# Puppy pics



## svdreamer (Feb 20, 2010)

Its been so long since I posted puppy pics. I need to get them their last set of shots, then I really need to find good homes for them. The only one I am not too sure on placing is Moose with his badly overshot jaw and only one decended testicle. I may hang on to him until I get him neutered and see if he will need to get his one lower canine pulled and any of his front bottom teeth. I know the lower jaw is the slowest growing bone, so I will wait and see how it grows before deciding anything unless he suddenly has a harder time eating or the soft palate gets irritated. My poor little baby. Looking at his mom, Abby has an overshot mouth, too, but not as bad as Moose.

Sabu
















The sabling is still there, but fading. He still has his black mask








He loves to pose








Little cutie









Moose








You can really see his overshot mouth here








He also seems to be keeping his black mask


----------



## svdreamer (Feb 20, 2010)

Parker
She is staying dark and staying smaller than her brothers. 
















She still has her dark stripe down her back whereas her brothers have mostly lost theirs.








Ears are trying to stand









Bruiser
He's losing his black mask. He will probably end up a red like his mom








His ears look like they may stay down.
















Just adorable


----------



## MChis (Oct 13, 2009)

I think Bruiser is adorable.  Moose bite does look really bad. Such a shame--poor guy. I hope it doesn't cause any issues & I hope his second testicle comes down on it's own.

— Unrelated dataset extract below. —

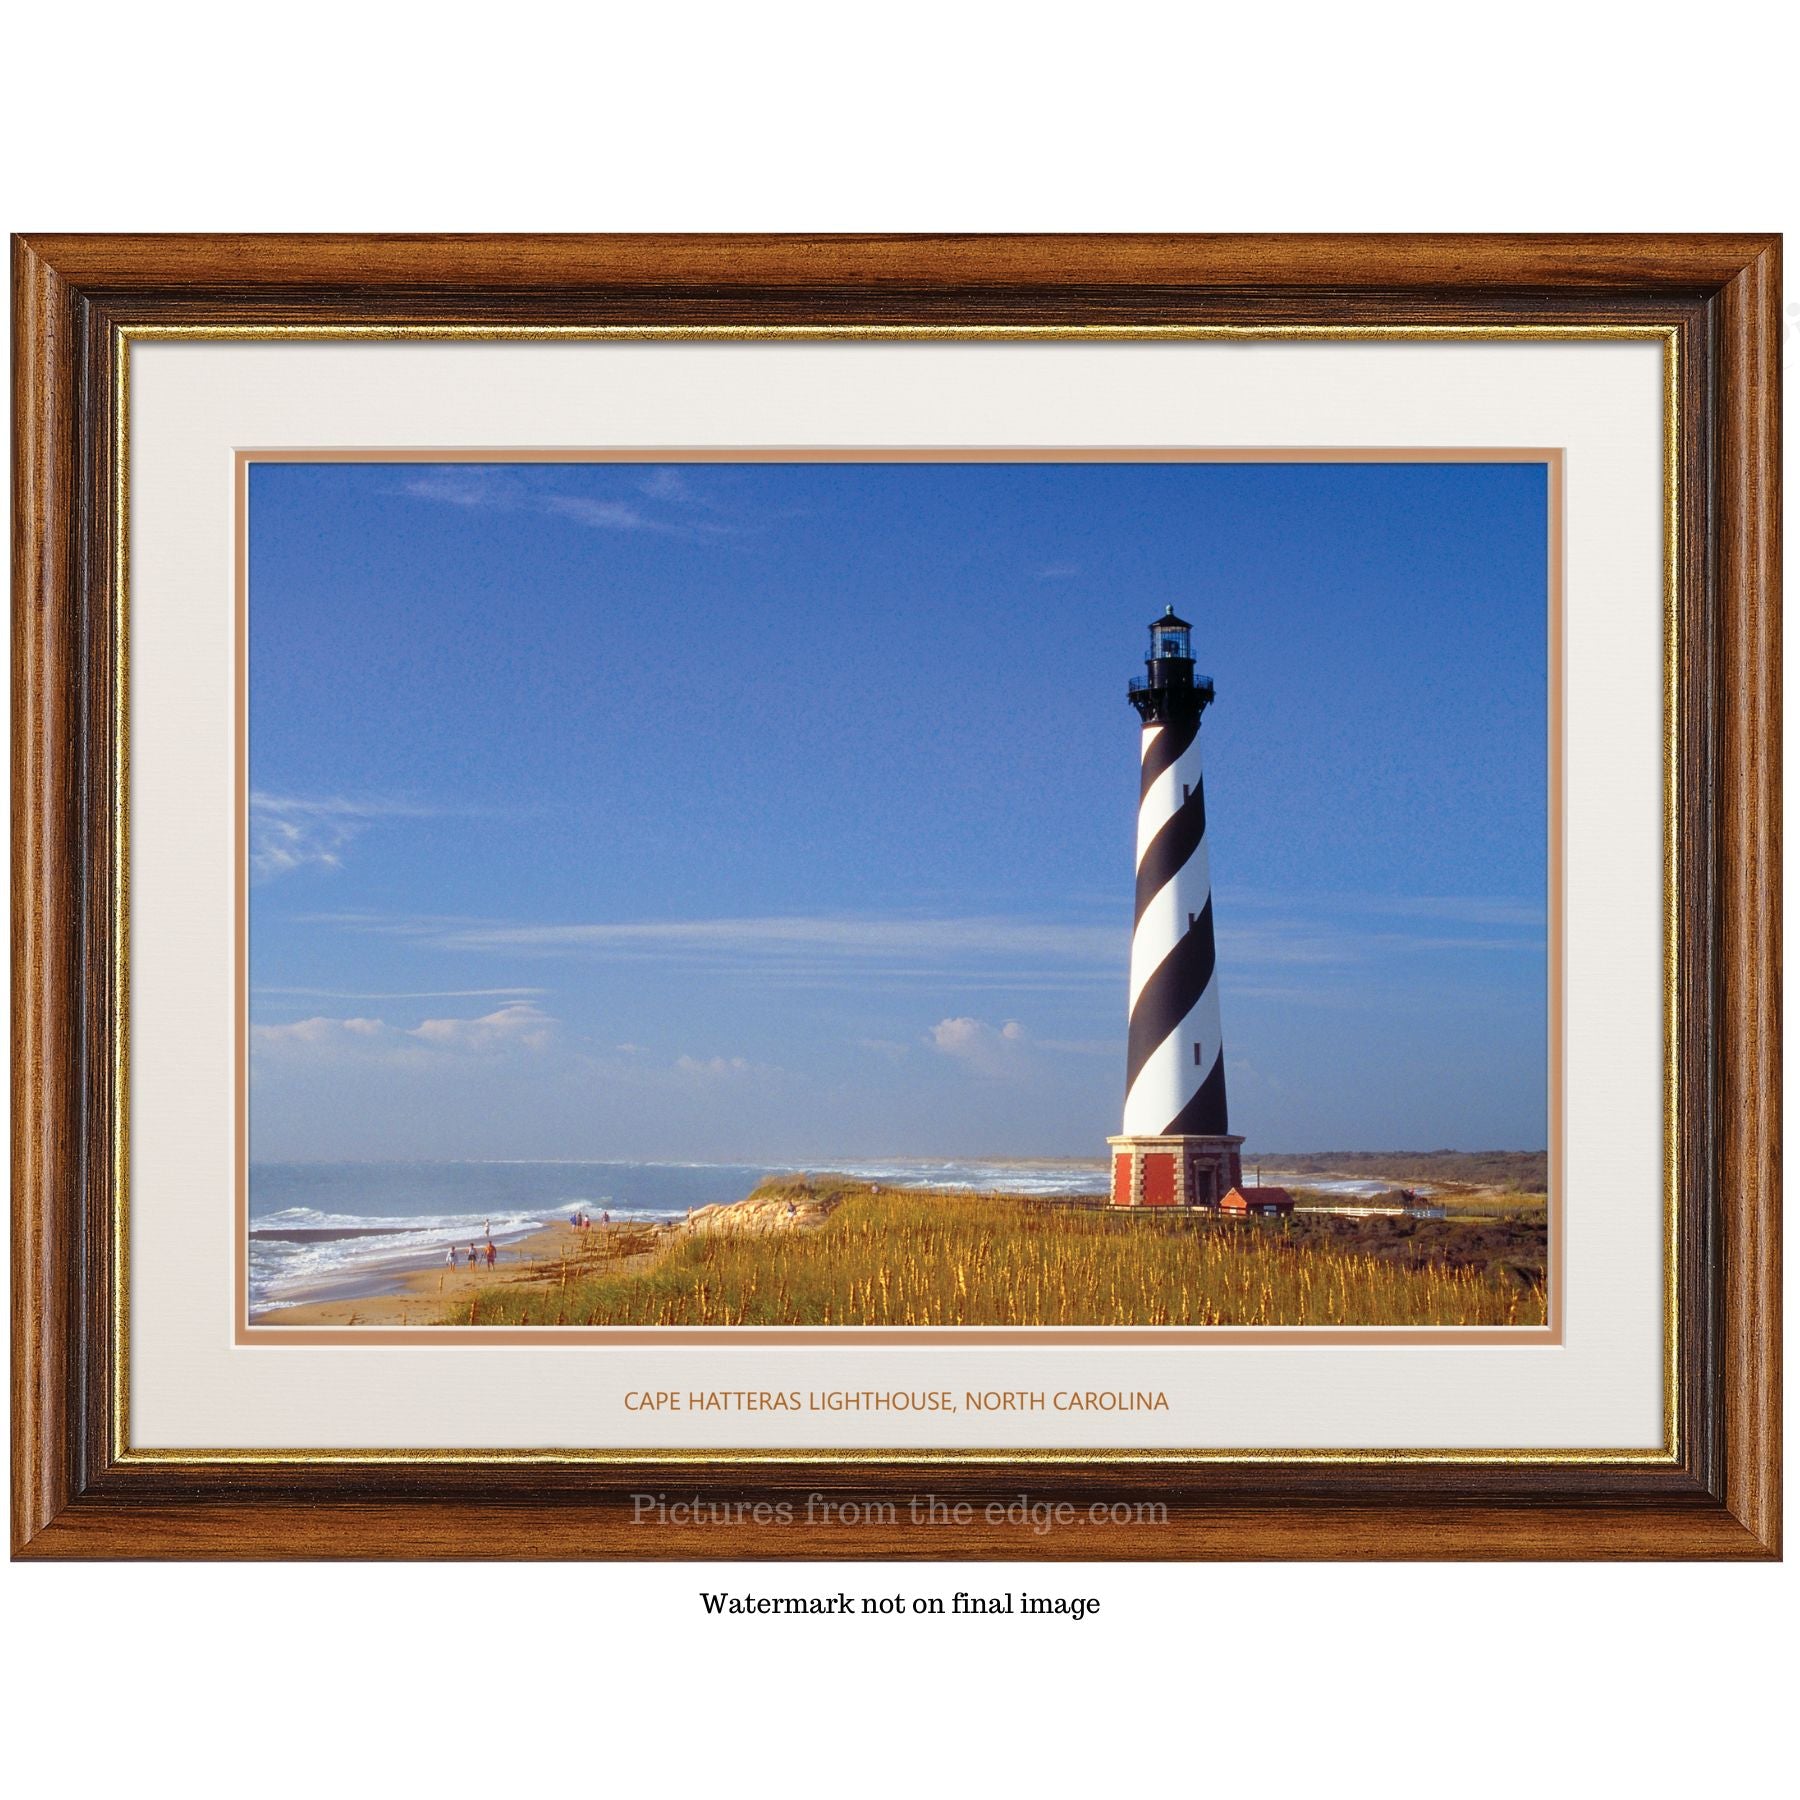 BeMoved by Cape Hatteras. Moveable and removeable!

Great pics--how old are they now??


----------



## michele (Jan 12, 2009)

Oh my, how they have grown up i hope they all find loving homes


----------



## svdreamer (Feb 20, 2010)

MChis said:


> I think Bruiser is adorable.  Moose bite does look really bad. Such a shame--poor guy. I hope it doesn't cause any issues & I hope his second testicle comes down on it's own.
> 
> Great pics--how old are they now??


Thank you. I think Bruiser is the best looking of the bunch, with Sabu second. They are about 13 weeks old.


----------



## ~LS~ (Oct 29, 2011)

Oh wow how they've changed. Lovely babies.  So lucky to have you Pam.
I'm a big Bruiser fan too, that third picture of him is just too much cuteness!
How are you doing Pam? How are all your dogs doing?


----------



## Jennmay (Dec 31, 2011)

What cuties!!


----------



## mandyschihuahuas (May 14, 2012)

they are so cute and nice to see still holding onto the black stripe :0


----------



## svdreamer (Feb 20, 2010)

Thank you everyone. It is so much fun watching them play and play fight and cause a ruckus, it's going to be so hard giving them up


----------



## nabi (Nov 25, 2004)

they are so cute...love their coloring....


----------



## Audreybabypup (Sep 14, 2010)

Aww little sweeties


----------



## rubia (Jul 3, 2008)

I think that must be tough ---thinking about when that little group of puppies slits up. I felt so sorry the first nigh that I had Rico here. I kept thinking he must be missing the others. Truly though they adjust very fast and get so attatched to their people. I wish you the best in finding good homes. They are all adorable and nice looking pups--someone is bound to fall for each one.


----------



## carrieandcricket (Dec 6, 2011)

They are so so cute. All of them. Even little Moose. I hope his jaw can fix itself. Who knows, maybe he is a just a late bloomer lol! Good luck with them.


----------



## momofmany (Apr 23, 2012)

They are all so cute you can just put little Moose. In a crate and ship him to me I think he's just perfect. I think everyone of them are just tool cuuttteeee


----------



## quinnandleah (Sep 28, 2011)

What lovely babies. They all remind me of Leah in coloring and looks.


----------



## svdreamer (Feb 20, 2010)

Thank you everyone. They are such sweet babies.


----------



## Chihuahuasloveme (Jan 8, 2010)

Omg they changed so much still adorable little brats lol! Are these chiweenies? I can't rememeber what the mom looks like. Poor Moose! Are u keeping any?


----------



## svdreamer (Feb 20, 2010)

yeah, I think the mom is a chiweenie. I would like to place them all and get their mom spayed and place her and a few more while I'm at it.

Here's some pics of their mom


----------



## Hollysmom (Nov 26, 2011)

Awww, they've gotten so big! How much do they weigh now?


----------



## theshanman97 (Feb 19, 2012)

awwww so cute! x


----------



## lynx8456 (Feb 26, 2009)

WOW they are so cute and boy are they all growing up fast! They look fantastic...SVdreamer you have done a wonderful job with them


----------



## LBChi (Mar 12, 2012)

They are getting so big! I am still in love with Parker though. What a cutie!


----------